The states will set their own standards and graduation requirements, but have agreed to broad policies, such as requiring students to take a test to determine their readiness for college or work.
“For the first time, a group of states will reshape an institution that has far outlasted its usefulness,” says Ohio Gov. Bob Taft (R), co-chair of Achieve.
The governors’ support for more accountability and more testing doesn’t necessarily mean they support President Bush’s proposal to expand NCLB, however. The President wants to require two additional years of testing in high schools.
NGA Chair Mark Warner, the Democratic governor of Virginia, says while governors favor higher standards for high schools, they do not support the “rigidity” of NCLB with its “bureaucratic oversight from Washington.”

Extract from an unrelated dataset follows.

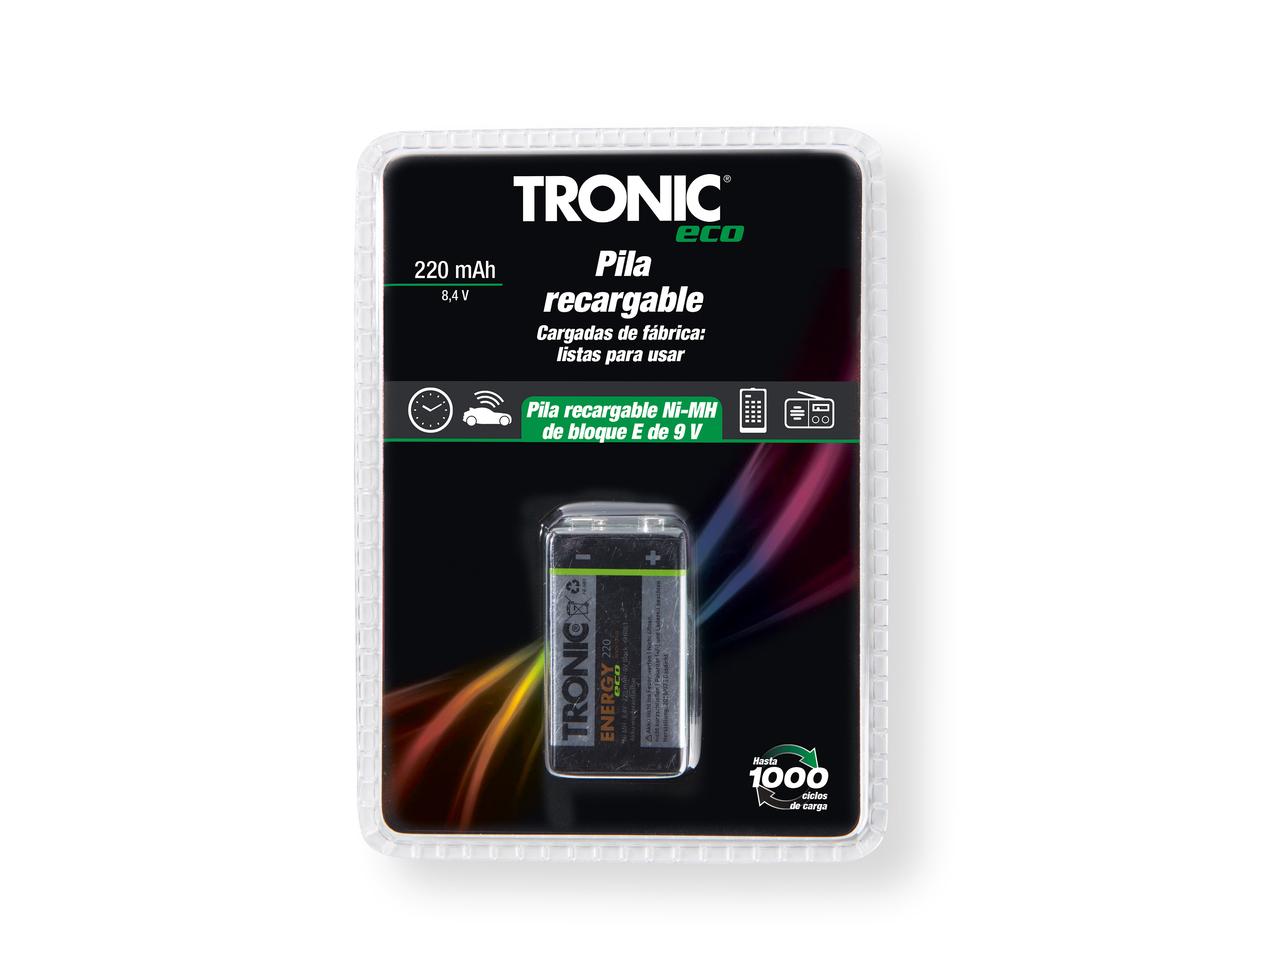 Baterías recargables Lidl Tronic

During the summit, the NGA and six foundations announced a $42 million initiative to support high school reform efforts carried out in the states. The Gates Foundation, Michael & Susan Dell Foundation, Carnegie Corporation of New York, Wallace Foundation, Prudential Foundation, and the State Farm Foundation pledged a total of $23 million for the initiative. The rest will come from state grant recipients.
The initiative calls for the NGA Center for Best Practices to manage and award competitive grants to states for the development and implementation of policy strategies to improve graduation and college-readiness rates.
In his keynote speech at the summit, Microsoft Chair Bill Gates called America’s high schools “obsolete.”
“By obsolete,” he says, “I mean that our high schools -- even when they’re working exactly as designed -- cannot teach our kids what they need to know today.”
Gates told the governors, “When I compare our high schools to what I see when I’m traveling abroad, I am terrified for our work force of tomorrow.”